▶ [The data]
____________________

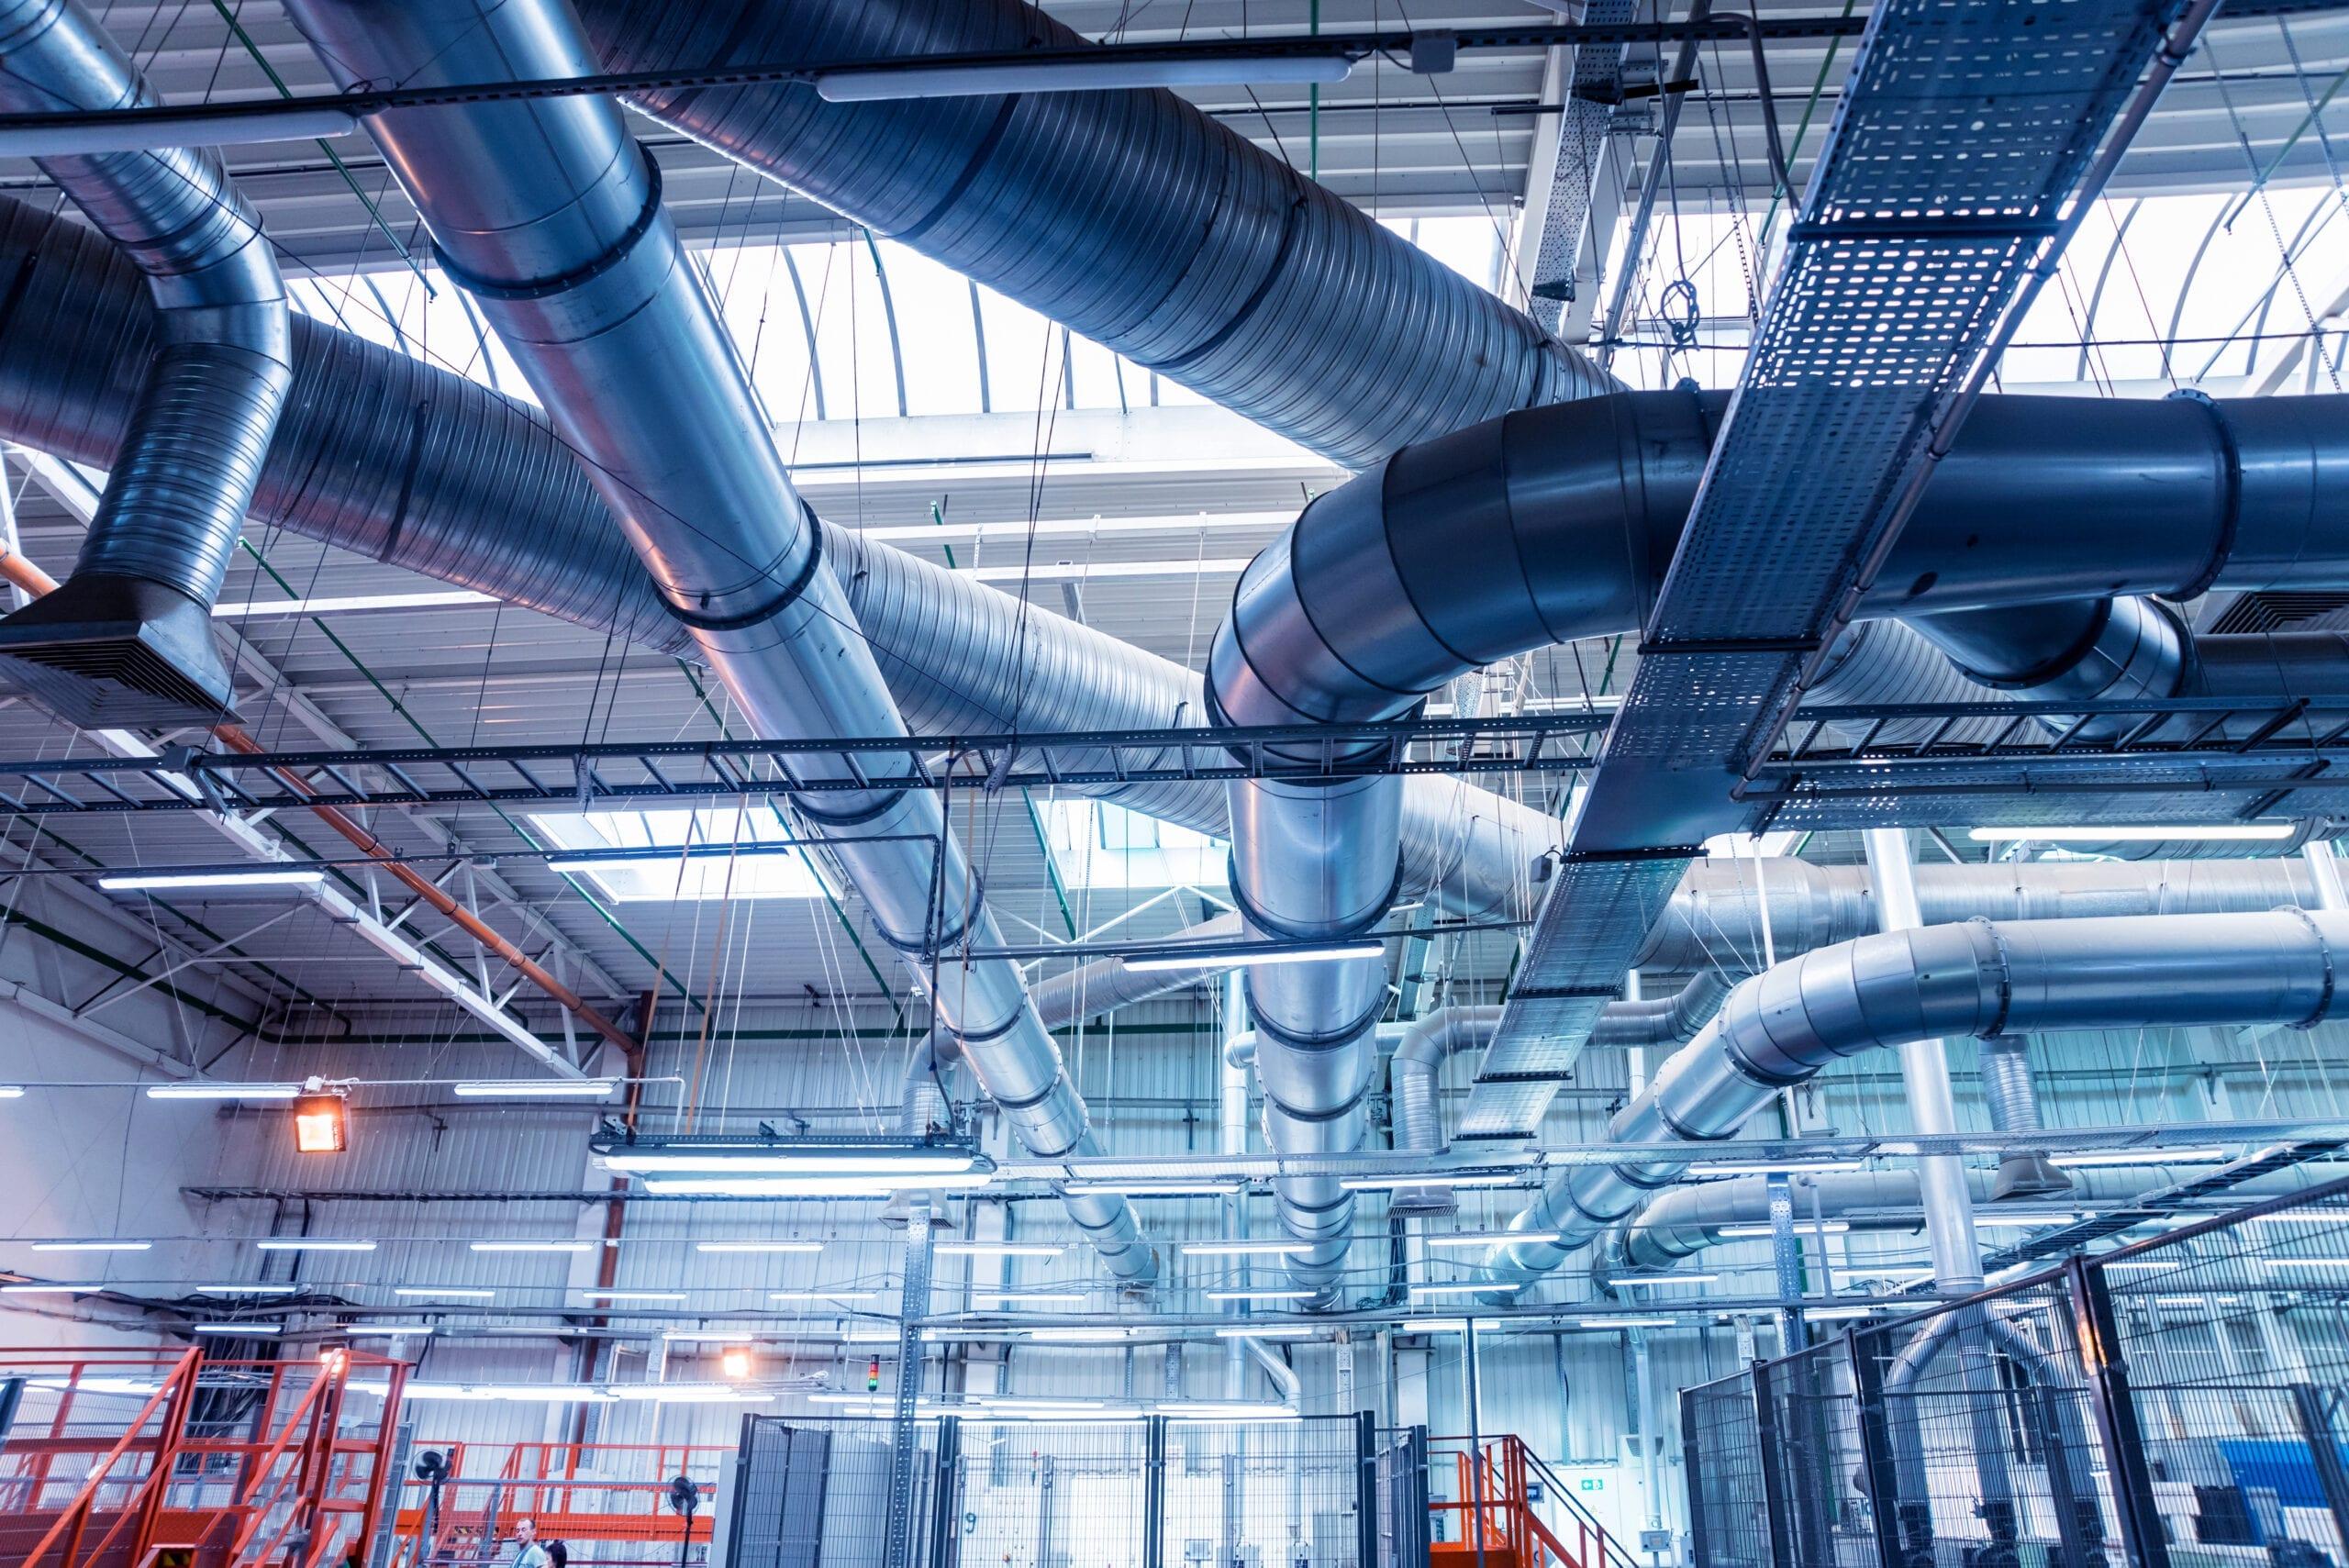 Unità di trattamento per ambienti industriali con tubi aerei fissati a soffitto
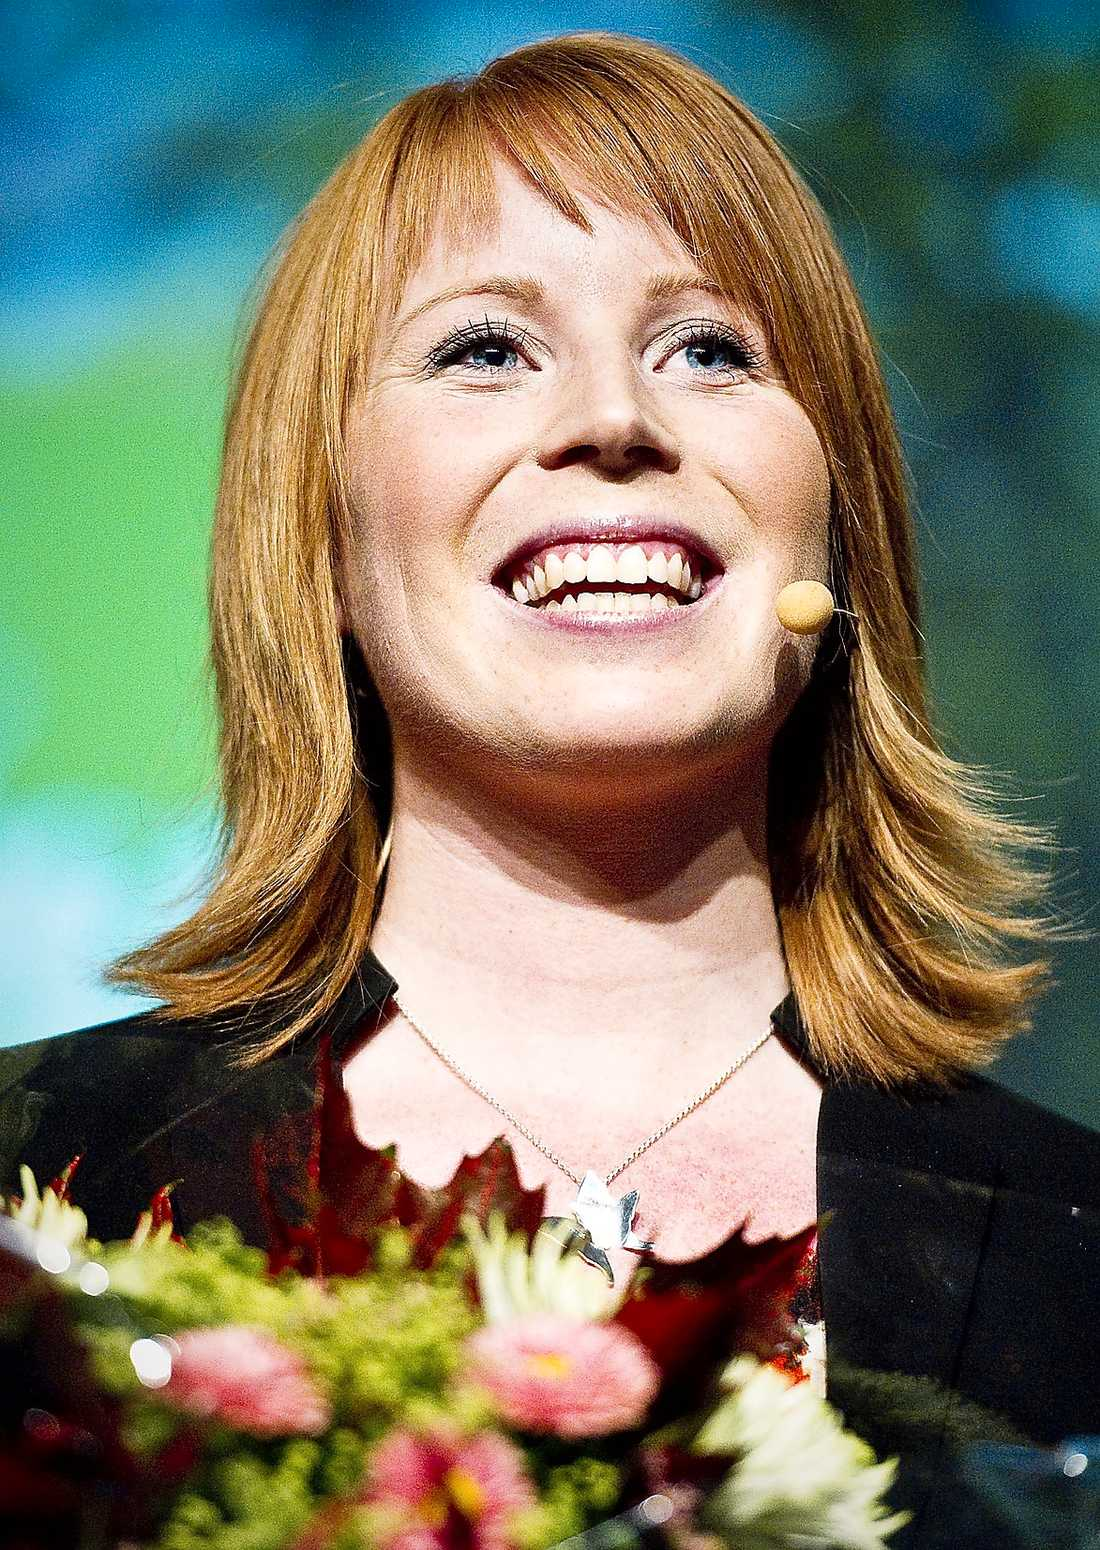 BINGO! Annie Lööf levererade floskel på floskel när hon höll sitt linjetal inför Centerstämman.
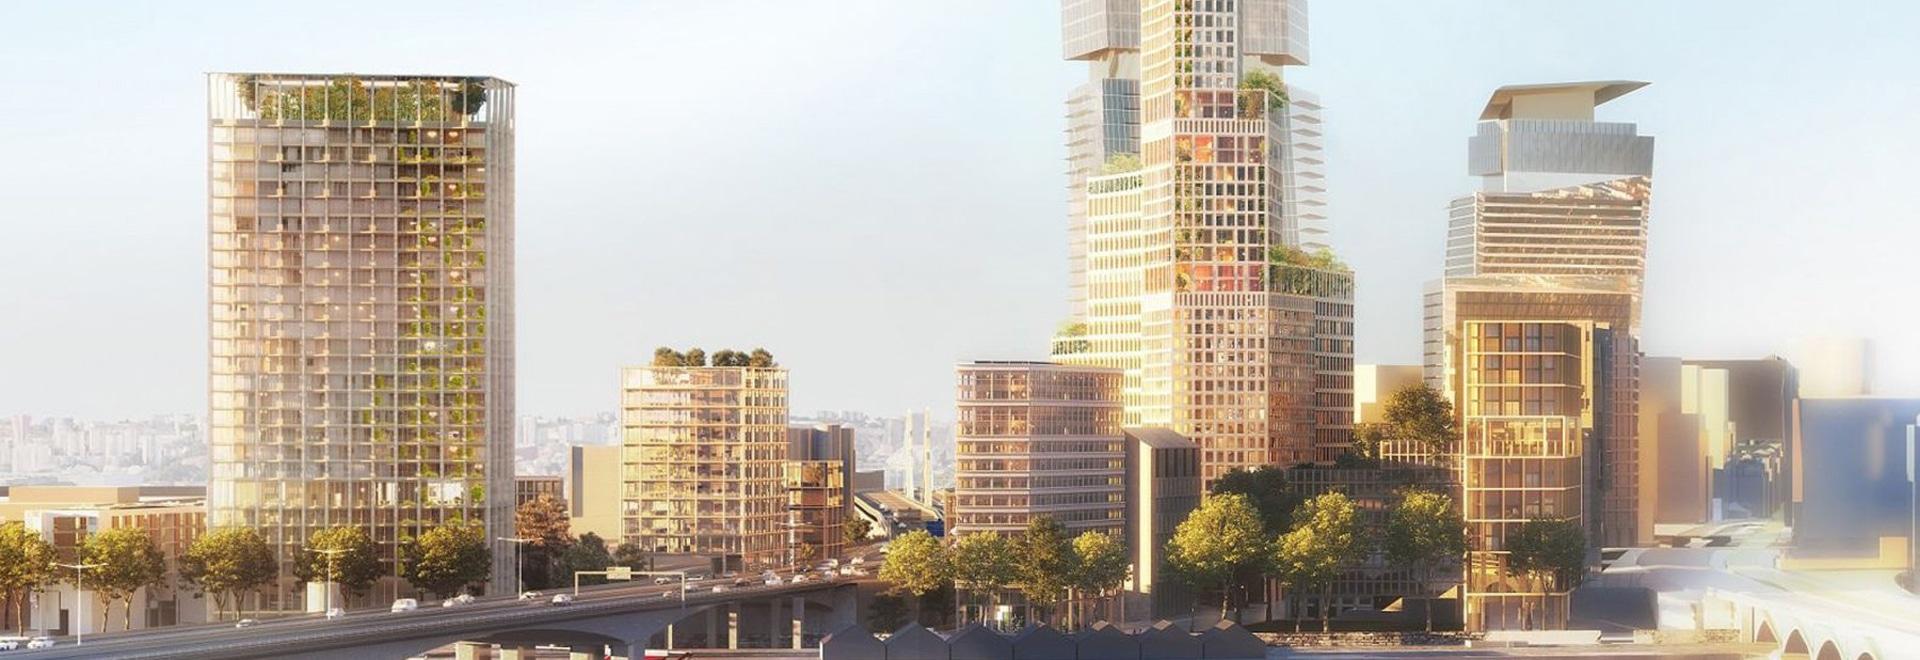 david adjaye parte del team vincente scelto per progettare il nuovo quartiere di Parigi

____________________

▶ [Task details] From the line containing "BINGO! Annie Lööf" down to the last line of the data, print every line exactly and nothing else. Pictures stay out of the copy.

▶ [Your solution]
 BINGO! Annie Lööf levererade floskel på floskel när hon höll sitt linjetal inför Centerstämman.
 david adjaye parte del team vincente scelto per progettare il nuovo quartiere di Parigi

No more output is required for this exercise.